┏━━

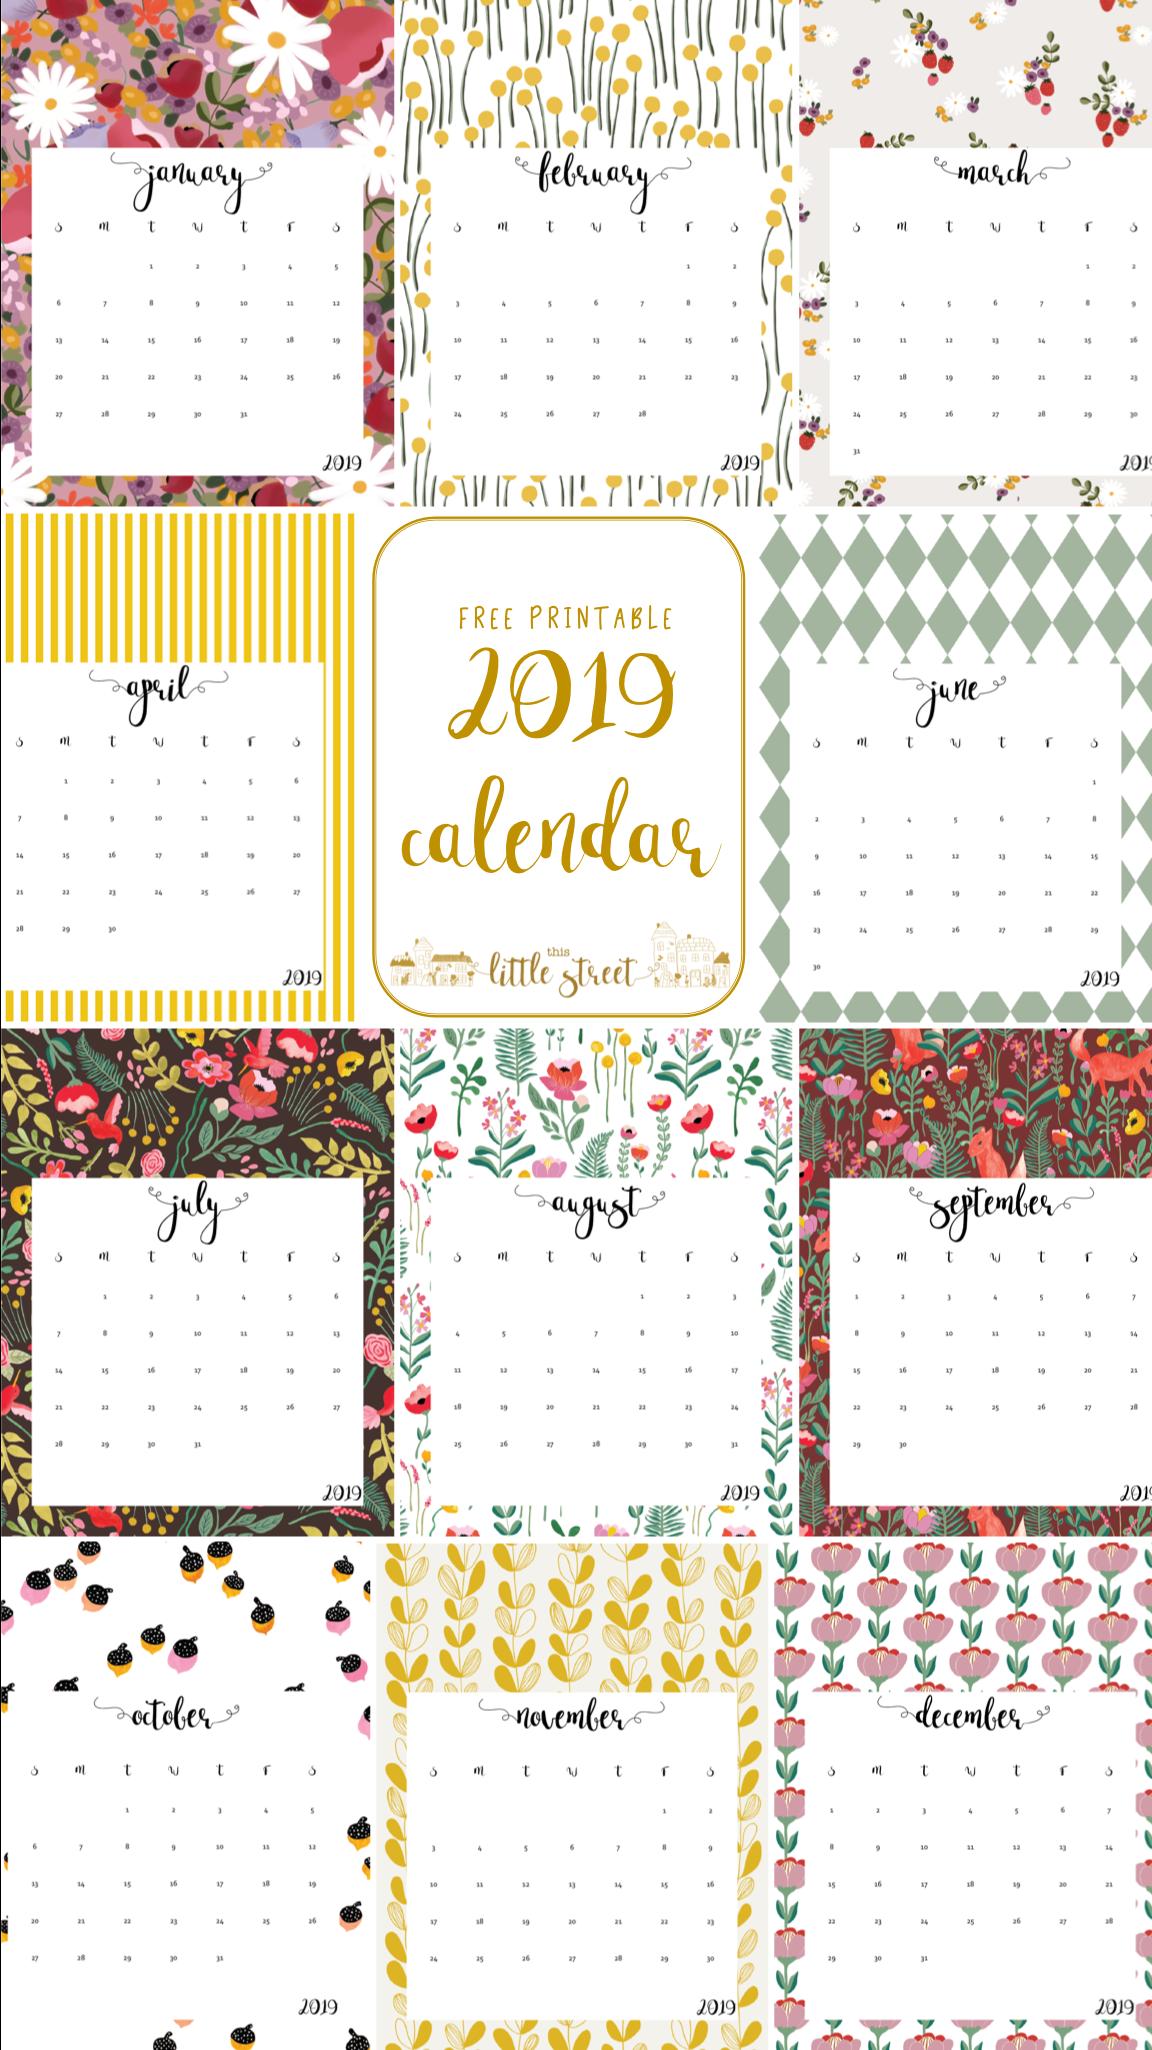 2019 Calendar Free Printable Free Printable Calendar Calendar
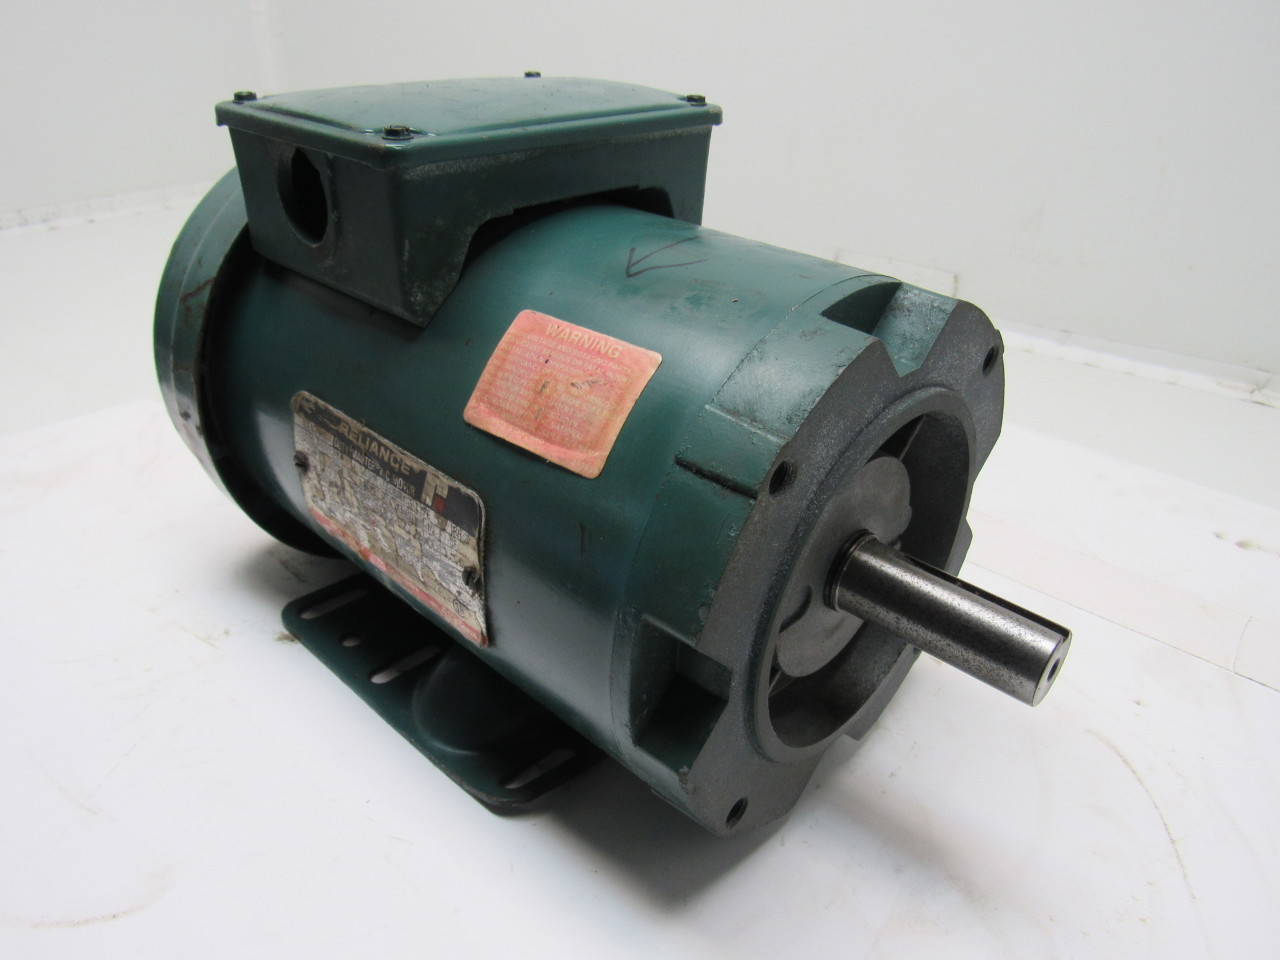 Reliance fj145tc 3 4 hp duty master ac motor 230 460 60 hz for Duty master ac motor
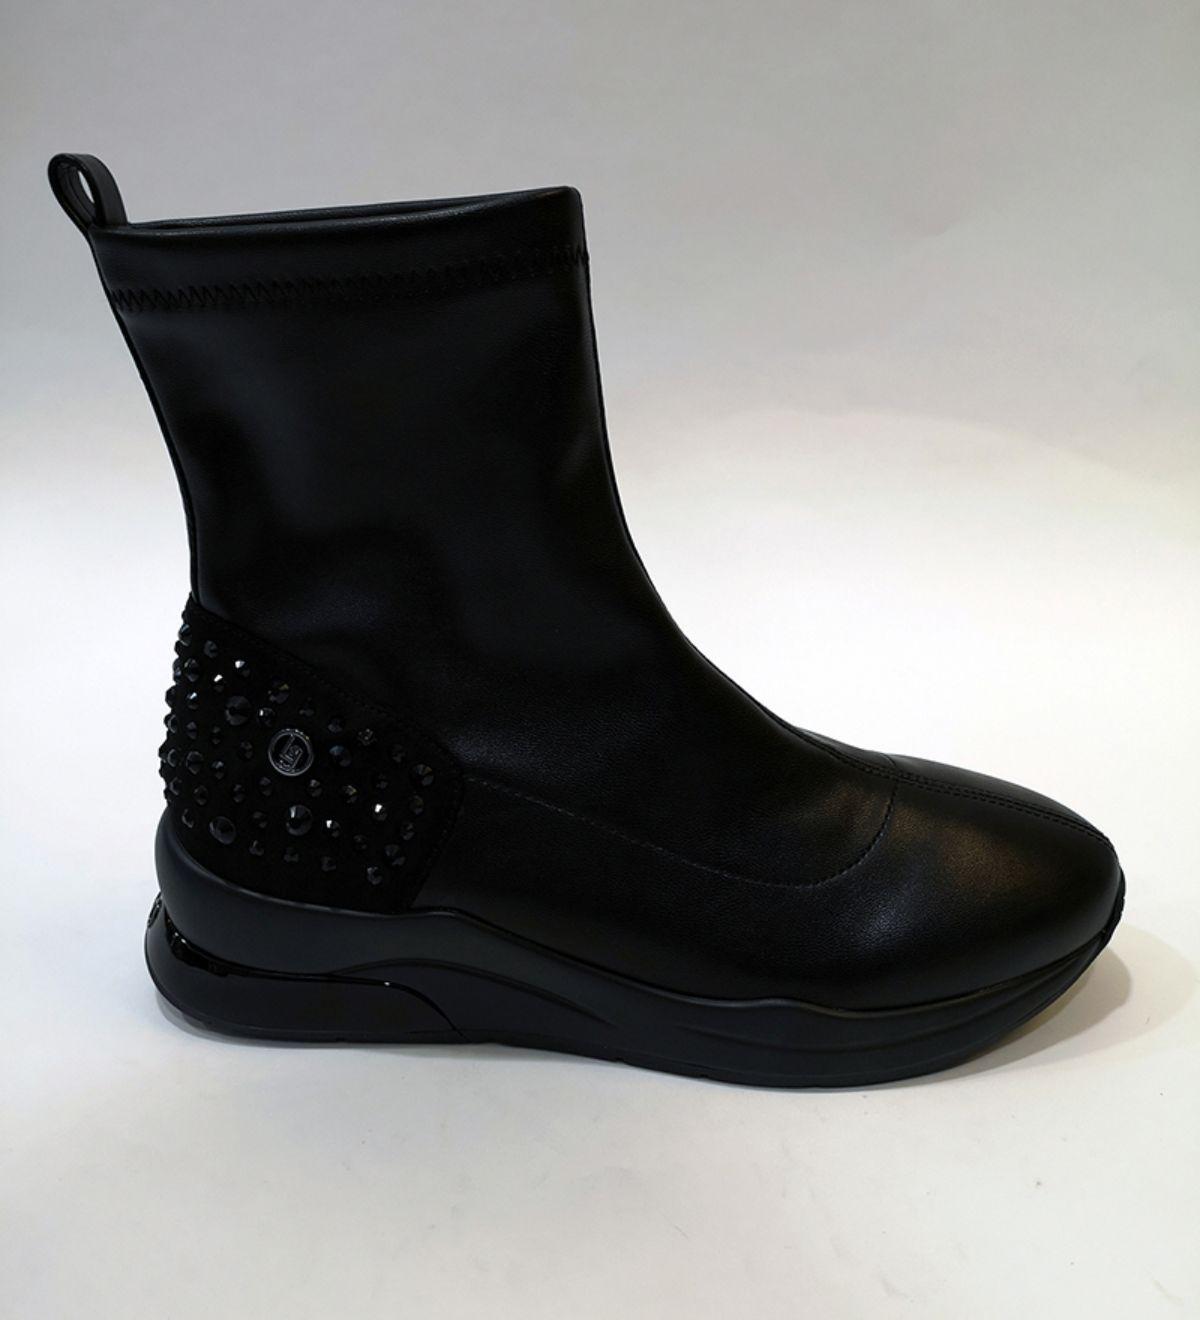 B69035-JX001 KARLIE 28 BOOTY BLACK 4

┗━━

• WORK TO BE COMPLETED:
For this step, transcribe all the material above exactly and drop the images.

• SOLUTION FOR THIS TASK:
 2019 Calendar Free Printable Free Printable Calendar Calendar
 Reliance fj145tc 3 4 hp duty master ac motor 230 460 60 hz for Duty master ac motor
 B69035-JX001 KARLIE 28 BOOTY BLACK 4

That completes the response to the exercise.